The last shall be first

In weakness, failure, losing, confusion, poverty, stupidity, and oppression we are predisposed to opening to God in Christ through the Spirit because all these experiences are a share in the crucifixion.  This is the reversal Jesus proclaims in his parables of God’s reign.  The last shall be first.  The first are those whose lives are so together they do not see the need for God.  They do not realize where ultimate happiness lies.  They are under illusion and the only way to break them of this illusion is to actually break them open through participation in Christ’s passion and death on the cross.  But, the last are those already crushed, marginalized, and oppressed.  These last ones can be the poor of the third world, all who experience the evils of racism, women suffering from the evils of sexism, the depressed, the socially awkward, the disabled, prisoners, the elderly—the list goes on and on.  They are crucified—all of them.

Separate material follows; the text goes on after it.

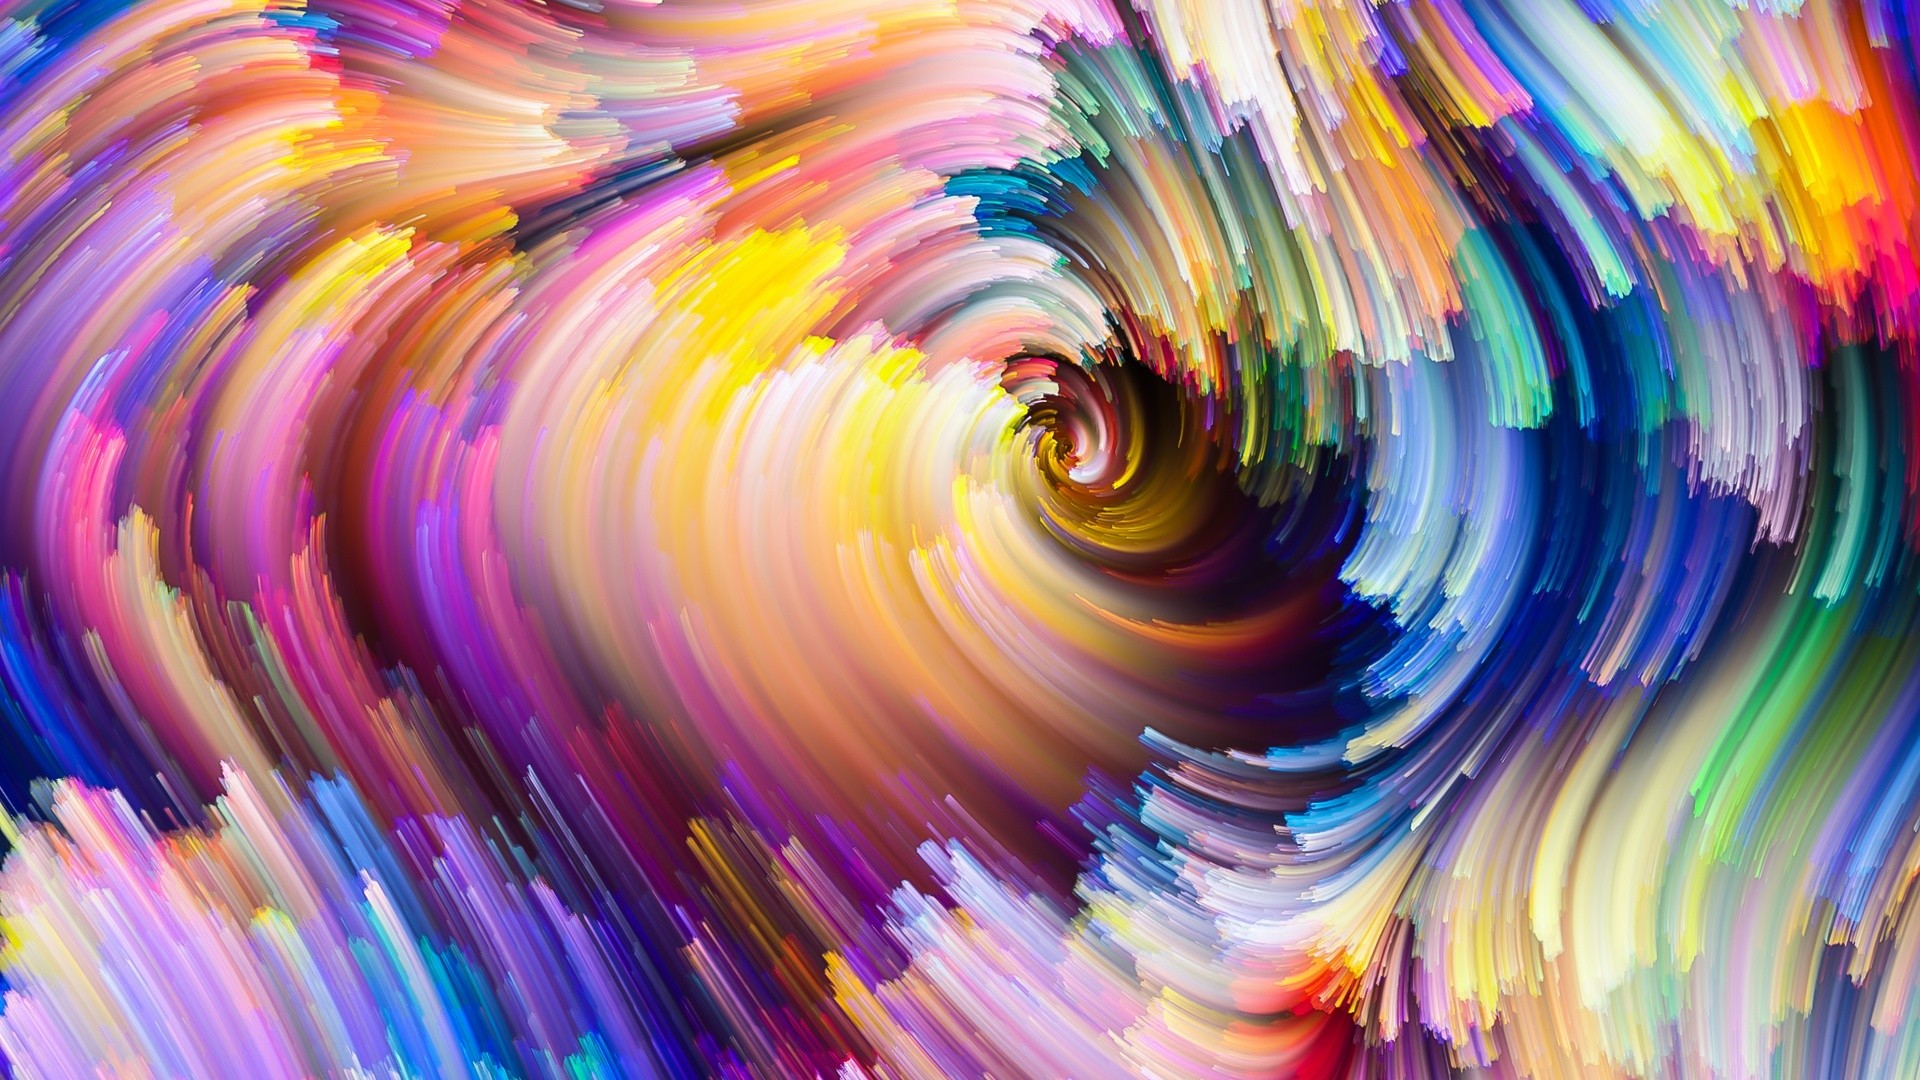 Abstract Colorful Digital Art Swirls CGi Spiral 1920x1080

As Richard Rohr says, We don’t go to God by doing it right; we go to God by doing it wrong.  It is only in experiences of losing and failure that we realize how utterly dependent, fragile, and weak we are.  It is those moments that are a potential sharing in the crucifixion of Christ.  Jesus tells us to rejoice in those moments because it is another opportunity for transformation.  And we don’t need to seek them out because life throws these curve balls at us all the time.  Suffocating boredom, intense loneliness, those moments when life simply falls apart—rejoice in these moments because it is in them that God frees us.  It is in these moments that we learn to fall into the mystery of God.  God is found in the most painful, sinful, uncomfortable, and negative experiences of life—that’s what the cross says!  And, we would never expect to find God there.  True life comes through death journeys wherein we realize who God is for us—the God of liberating, gratuitous, mysterious love.  And we die with Christ—we die with, through, and in God.

Imagine that all you hold dear in your life is taken from you.  What if you lost your home?  Your job?  Your plans for the future?  These are the circumstances of your life—they are NOT your life.  And sometimes it takes an experience of loss to help us realize that.  God calls us to fall through our life situation—our circumstances—into our LIFE: the ever-present mystery of God.  Jean Pierre de Caussade says, “rejoice every time you discover an imperfection because then you have to fall into the hands of the living God.